Well, today was the day I was both waiting for and dreading.  The day of the specialist/surgeon appointment.  This one was a lady and she was super nice.  She didn’t have to use that horrible tool this time and she  totally empathized when I told her about what happened with the rude, male doctor I saw (who is in the same medical group and office she is in.  They have like 4 or 5 exam rooms or whatever and 4 or so doctors so it’s not like he heard me, not that I care).  Anyway, she even explained what can cause the fissures to be painful and a bit of how to try to keep your diet stable in order to handle it.

We are going to try, yet another, type of cream but this one has a really high success rate for curing people.  If it doesn’t work; our next step will be Botox into the area.  She said Botox does pretty much the same thing as surgery.  She said surgery is a last resort because some people who have surgery can become incontinent when it comes to gas or bowel movements and then they must have a follow-up surgery later.

Now, I have to find a Coumpound Pharmacy somewhere close to me and see if it is covered by insurance and how much this is all going to cost.    I would say I also need to have patience but it’s been over a year so I have lots of that.  Plus, if theres a real cure for this, it’s worth the wait.

Different Updates

The weather has changed to semi-cool and rainy.  Actually, it’s warm and rainy which is odd for here but it is causing me migraine headaches.

I saw my new Nephrologist yesterday and he seems okay.  He actually spent more time with me in the first visit then my old Nephrologist did in every visit I went to in the time I saw him  from 2005.  I mean individual visit..not combined.

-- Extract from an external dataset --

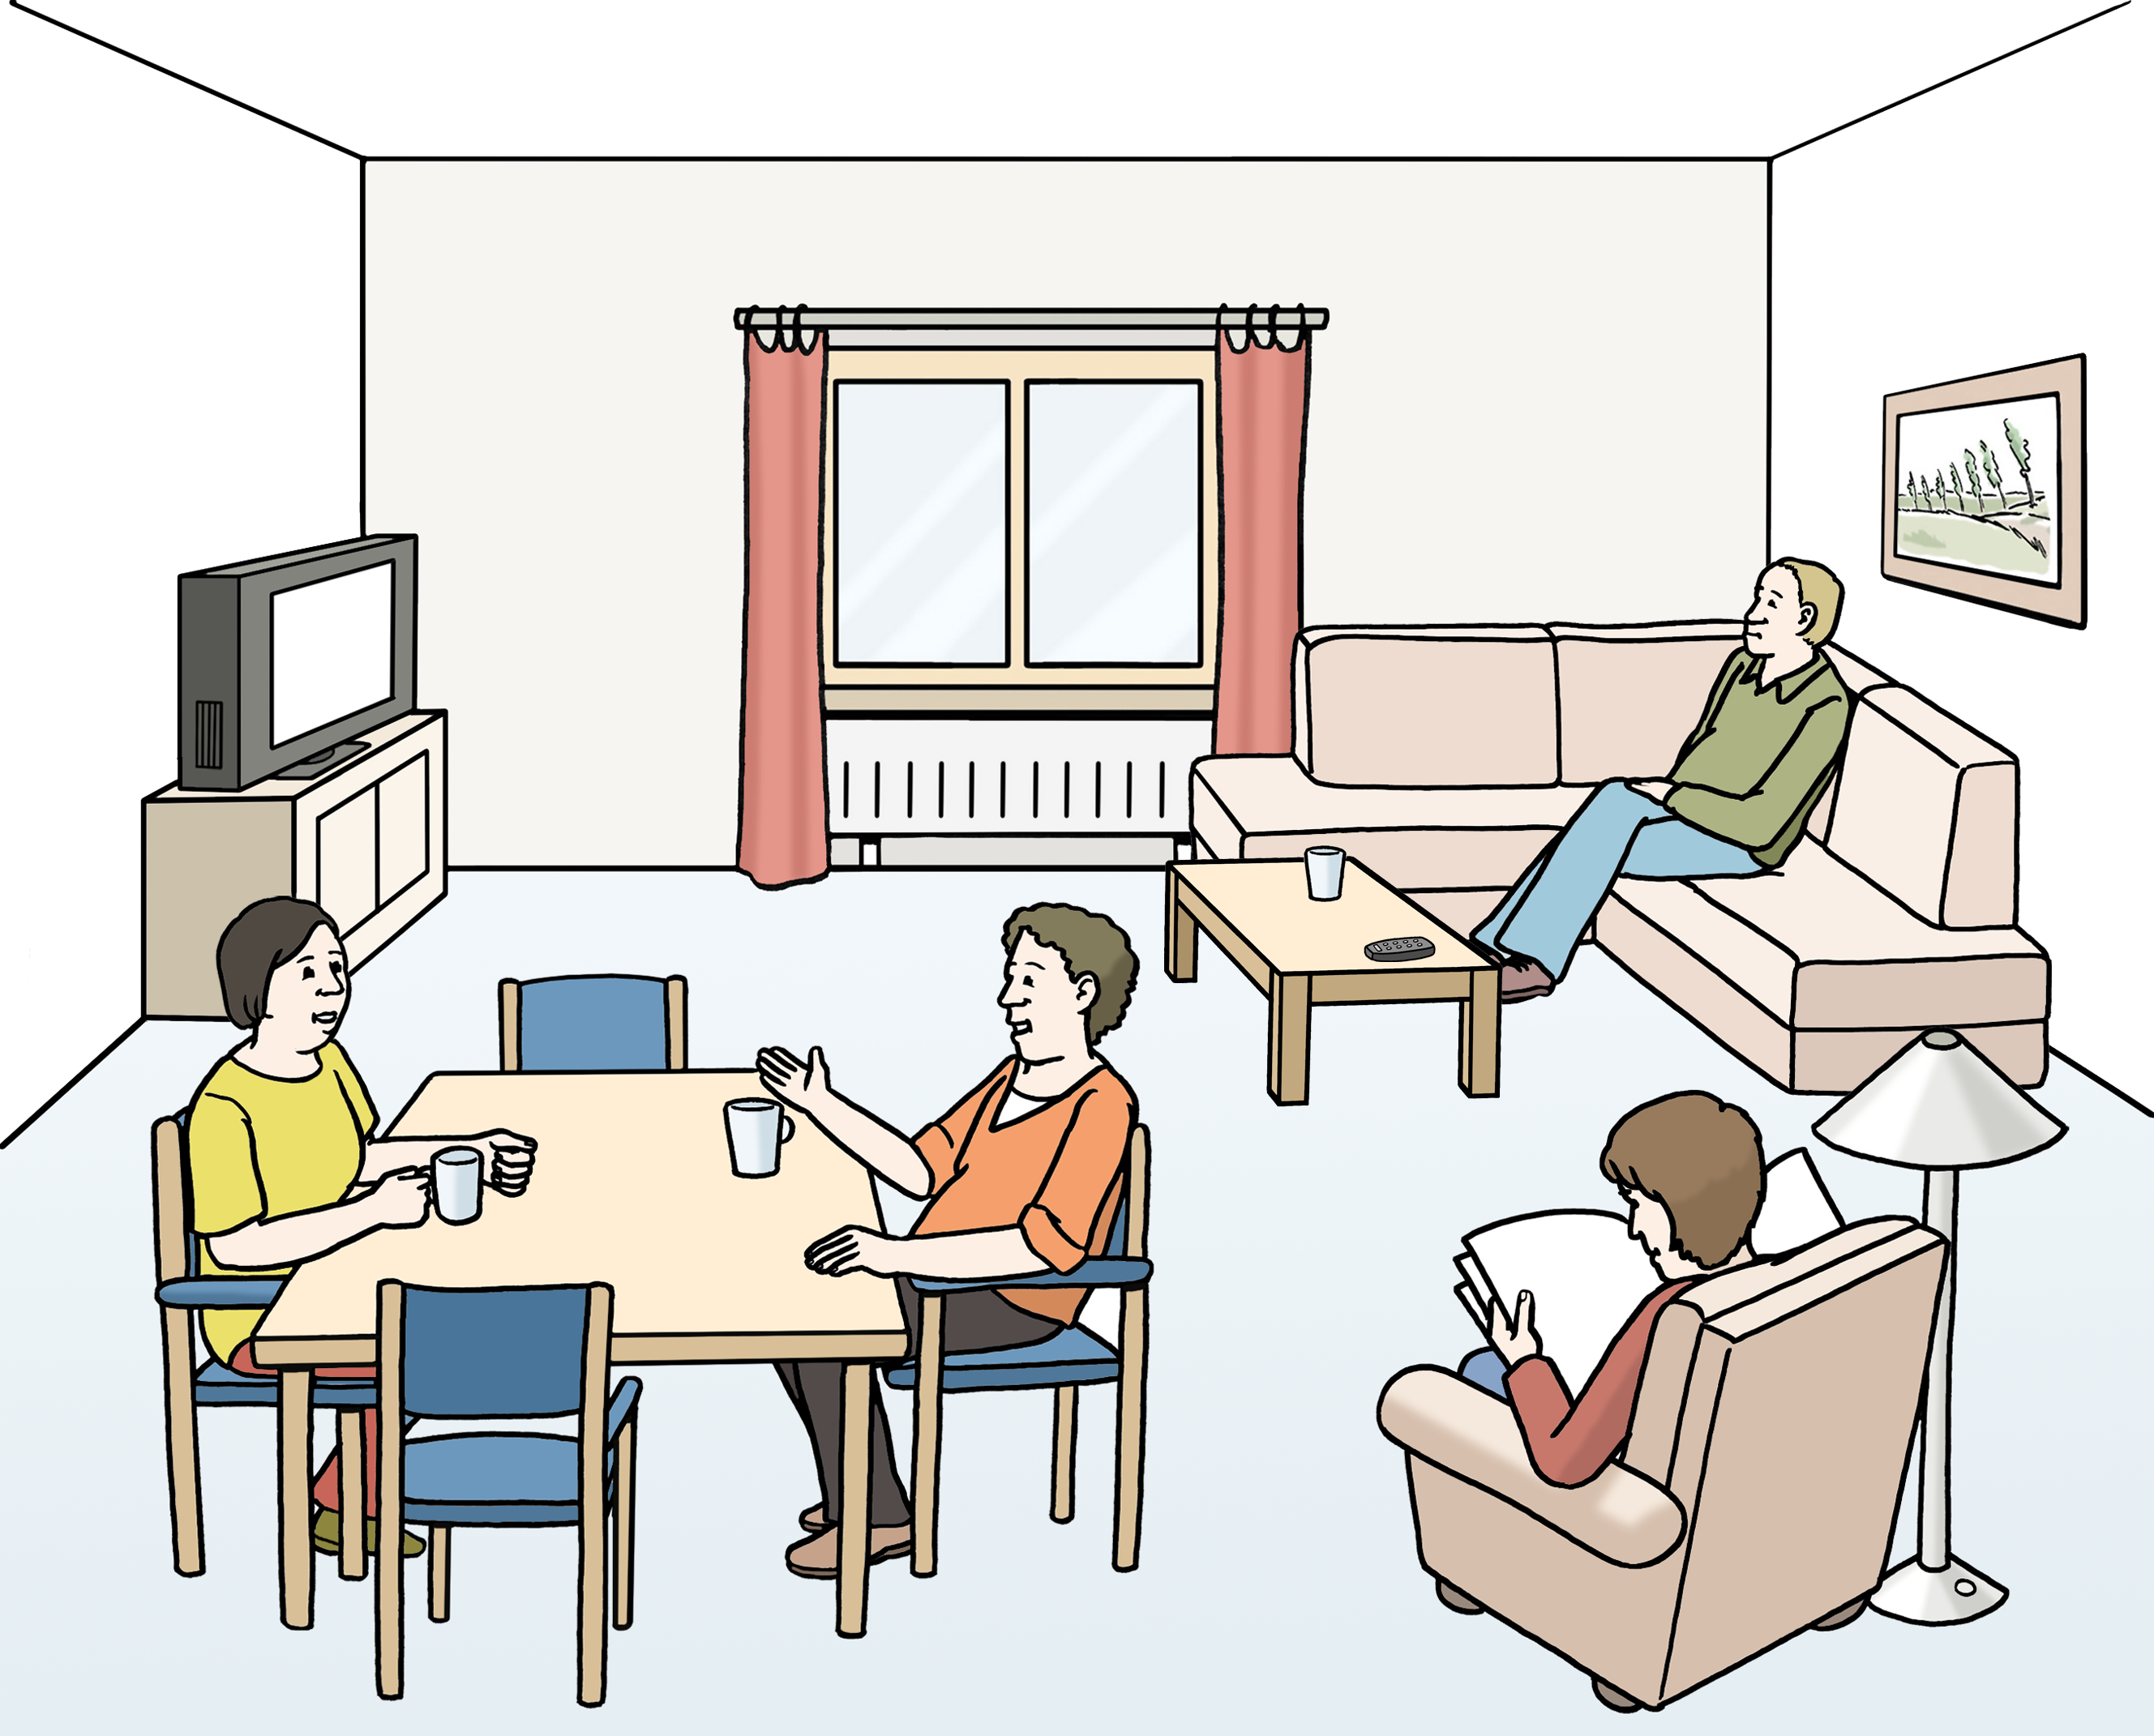 Bildbeschreibung: In einem Gemeinschaftsraum sitzen mehrere Menschen, die unterschiedliche Sachen machen. Einer guckt Fernsehen, zwei trinken Kaffee und unterhalten sich und einer liest.

I called to make an appointment with the specialist for the skin tags however, they wrote anal fissure on the authorization and since I have skin tags there too, the doctor won’t look at the skin tags (which is what needs to be removed) unless it is specifically written on the referral.  It’s alway’s something!  So, I need to get a new referral before I see the specialist.

We have 5 houses including us participating in the yard sales next wknd so I am going to take the permits to the city today.  3 more and it would have been half the street.  On well, it’s still multi-family.